Abstract
Infective endocarditis (IE) caused by bacteria within Haemophilus (excluding Haemophilus influenzae), Aggregatibacter, Cardiobacterium, Eikenella and Kingella (HACEK) is rare. This study aimed to describe clinical features of IE caused by HACEK genera in comparison with IE due to other pathogens. Cases of IE due to HACEK were identified through the Swedish Registry of Infective Endocarditis (SRIE). Clinical characteristics of IE cases caused by HACEK were compared with cases of IE due to other pathogens reported to the same registry. Ninety-six patients with IE caused by HACEK were identified, and this corresponds to 1.8% of all IE cases. Eighty-three cases were definite endocarditis, and the mortality rate was 2%. The median age was 63 years, which was lower compared to patients with IE caused by other pathogens (66, 70 and 73 years respectively, p ≤ 0.01).
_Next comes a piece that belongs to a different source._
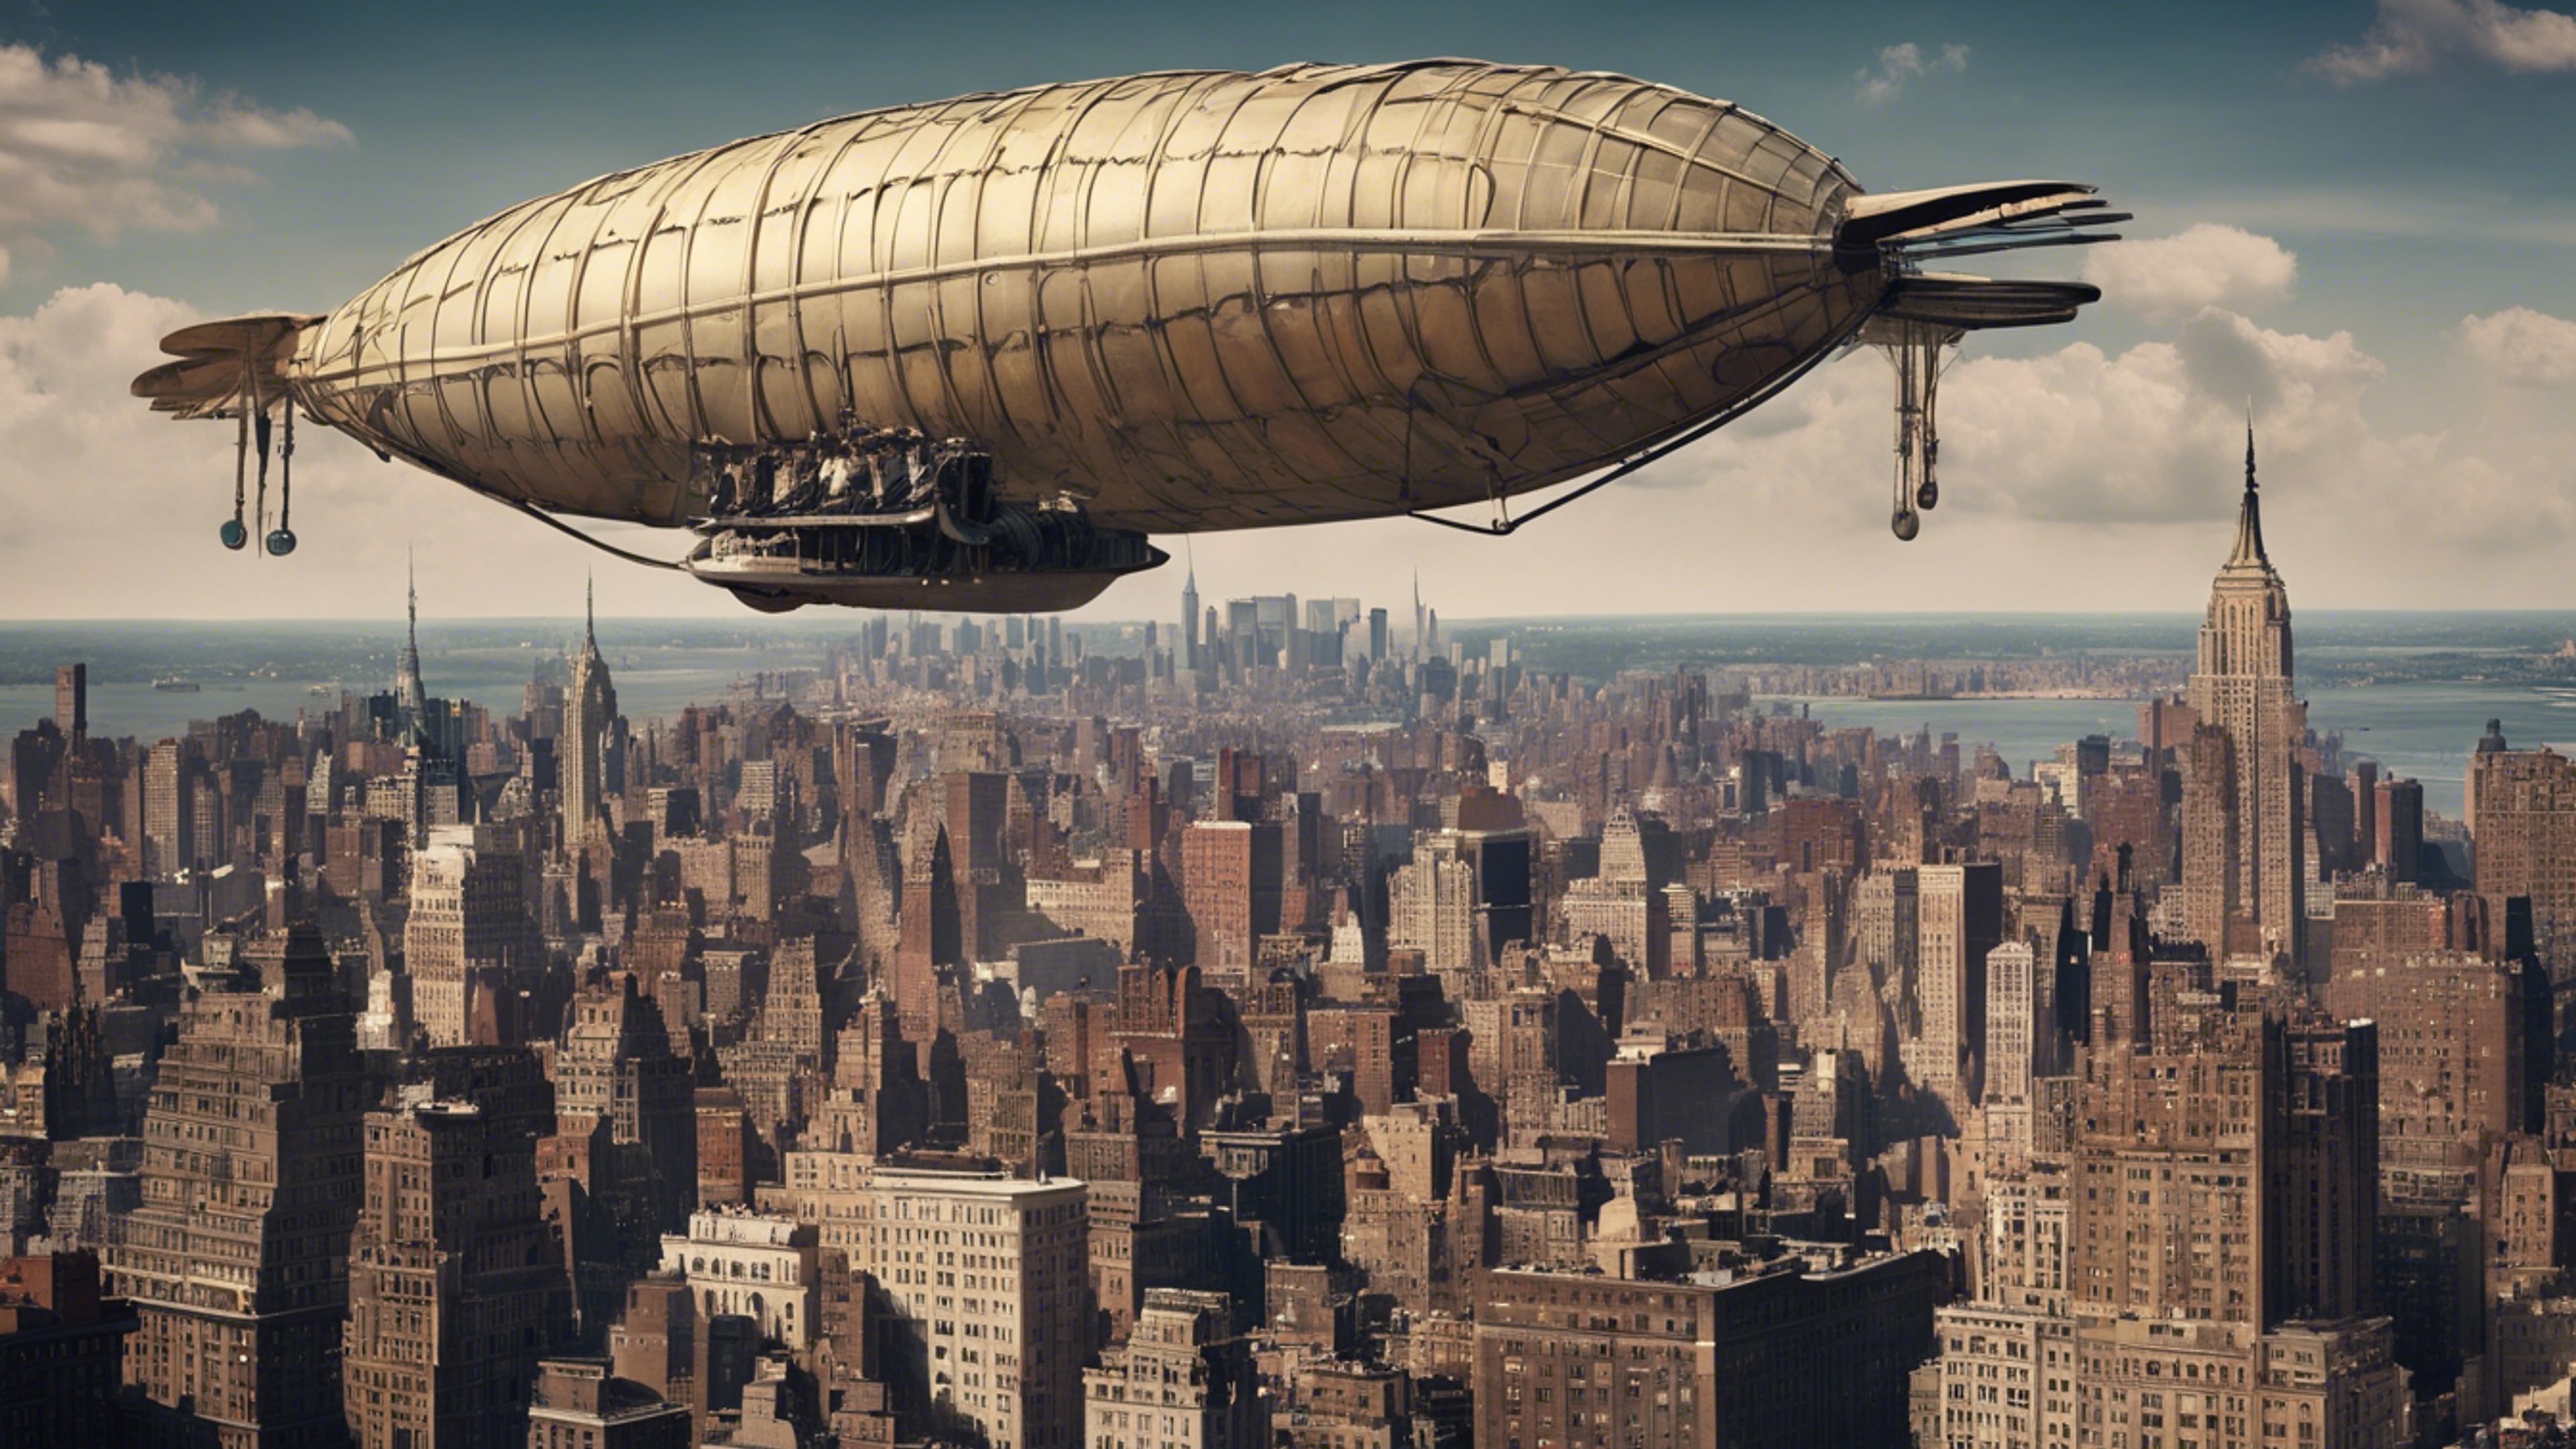 A nostalgic skyline view of 1920s New York City, peppered with zeppelins.壁紙[5c42609b28fb4c129601]

Patients with IE caused by Haemophilus were younger compared to patients with IE due to Aggregatibacter (47 vs 67 years, p ≤ 0.001). Patients with IE due to HACEK exhibited longer duration from onset of symptoms to hospitalization and had more prosthetic valve endocarditis compared to patients with IE due to Staphylococcus aureus (10 vs 2 days, p ≤ 0.001, and 35 vs 14%, p ≤ 0.001). This is, to date, the largest study on IE due to HACEK. Aggregatibacter was the most common cause of IE within the group. The condition has a subacute onset and often strikes in patients with prosthetic valves, and the mortality rate is relatively low.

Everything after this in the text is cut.